Their chief finding is a striking association between
population density - the concentration of people in a given area - and
happiness. When the researchers ranked all 1,215 communities by average
happiness, they found that average population density in the 20 percent most
miserable communities was more than eight times greater than in the happiest 20
percent of communities.
"Life is significantly less happy in urban
areas," the paper concluded.
In the region around the city of Toronto, densely
populated areas like Toronto, Hamilton and Kitchener stand out as islands of
relative unhappiness in a sea of satisfaction in the hinterlands.

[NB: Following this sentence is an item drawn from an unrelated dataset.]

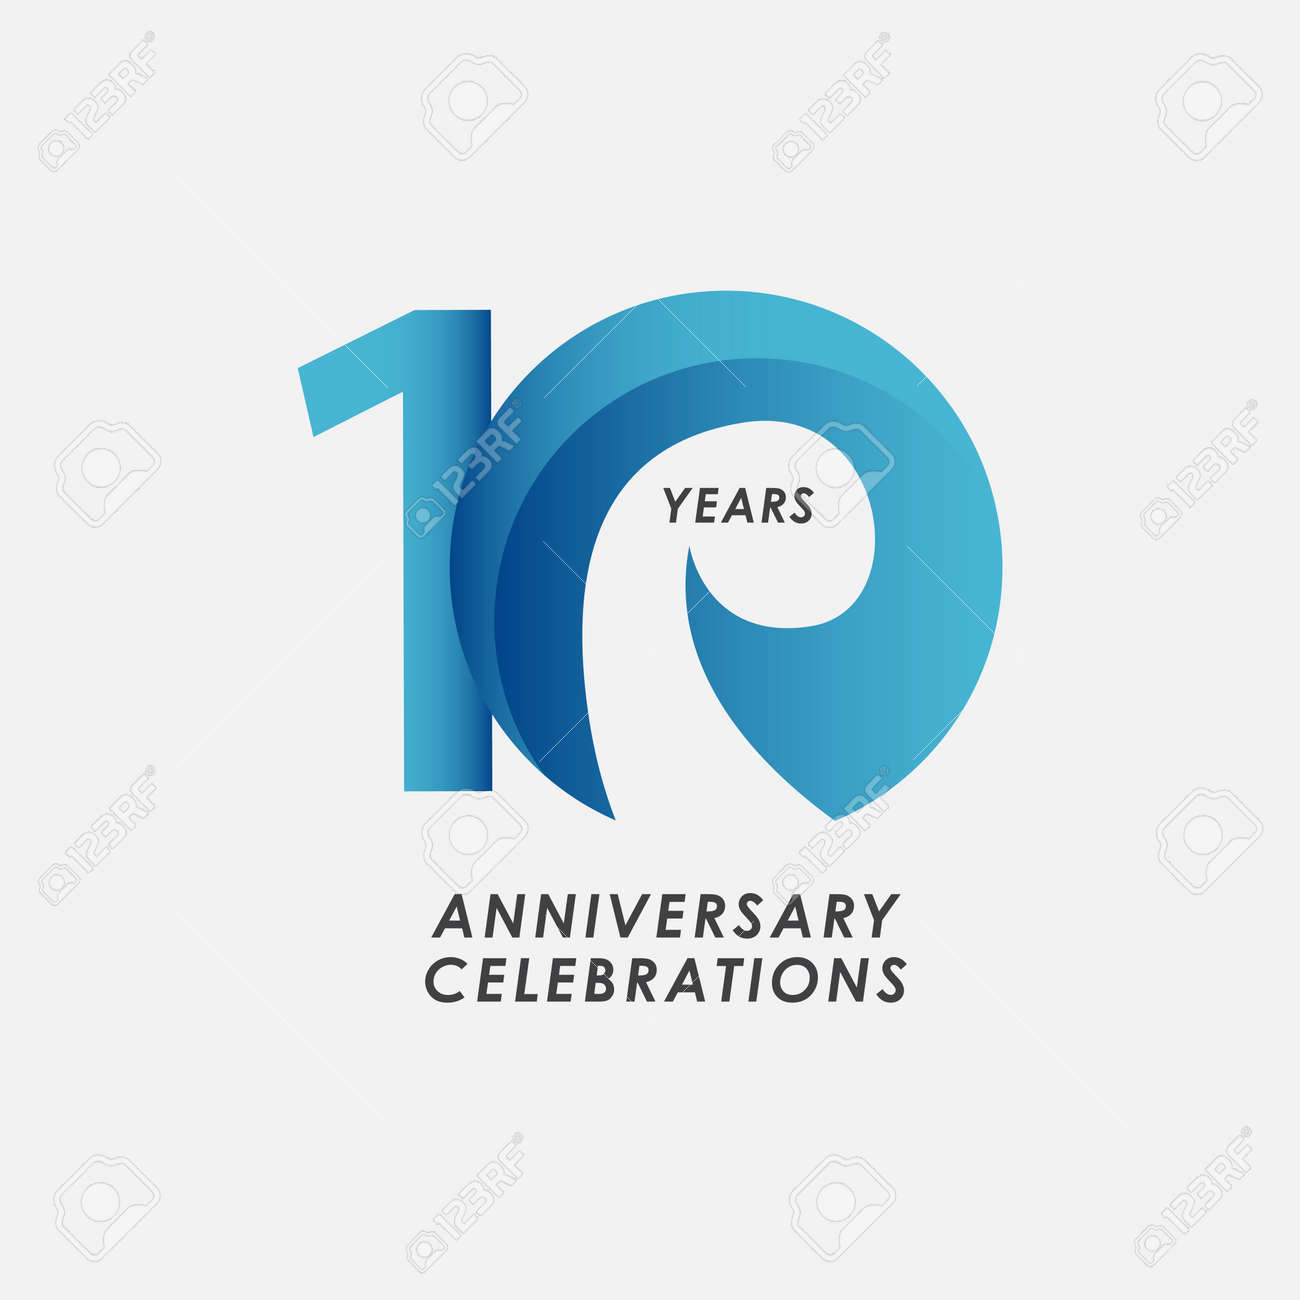 10 Years Anniversary Celebrations Vector Template Design Illustration - 163697991

The happiness measure is derived from a survey question
that asks responses to rate "how satisfied" they are with their
lives, on a scale from 1 to 10. Across Canada, community-level average
responses to this question range from 7.04 to 8.94. This may not seem like a
wide range of difference, but Canadians rarely offer self-assessments outside
this range; in a typical year just five percent of Canadians rate their satisfaction
below a 5, for instance.
It's useful to think of this narrow spectrum of responses
as representing the entire continuum of Canadian happiness. Hence, the study's
authors note that even small differences in the absolute score are highly
statistically significant.
So what makes the happiest communities different from all
the rest? Aside from fewer people, the authors found that the happiest
communities had shorter commute times and less expensive housing, and that a
smaller share of the population was foreign-born. They also found that people
in the happiest communities are less transient than in the least happy
communities, that they are more likely to attend church and that they are
significantly more likely to feel a "sense of belonging" in their communities.
It may seem contradictory that greater happiness is
correlated with both lower population density (implying fewer interpersonal
interactions) and a greater sense of "belonging" in one's community
(implying stronger social connections). But a significant body of research
shows that having a strong social network is key to well-being. Some studies
indicate that small towns and rural areas are more conducive than cities to forming
strong social bonds, which would explain some of the greater sense of belonging
observed in the happiest Canadian communities.
Perhaps even more surprising are the factors that don't
appear to play a major role in community-level differences in happiness:
average income levels and rates of unemployment and education. People may move
to cities for good-paying jobs, but the Canadian study strongly suggests it's
not making them any happier.
These findings comport with similar studies done in the
United States, which have revealed a "rural-urban happiness
gradient:" The farther away from cities people live, the happier they tend
to be.
One important caveat in the Canadian study is that the
authors aren't making any strong statements about causality: There's a clear
association between low population density and reported happiness, but that
doesn't mean that low population density causes happiness. A miserable city
dweller who moves to the country might simply become a miserable country
dweller, in other words.
However, it's clear that there's something about small
towns and rural life that's associated with greater levels of self-reported
happiness among people who live in those places. The strength of the Canadian
study is that it parses out these distinctions at an uncommonly fine level of
geographic detail.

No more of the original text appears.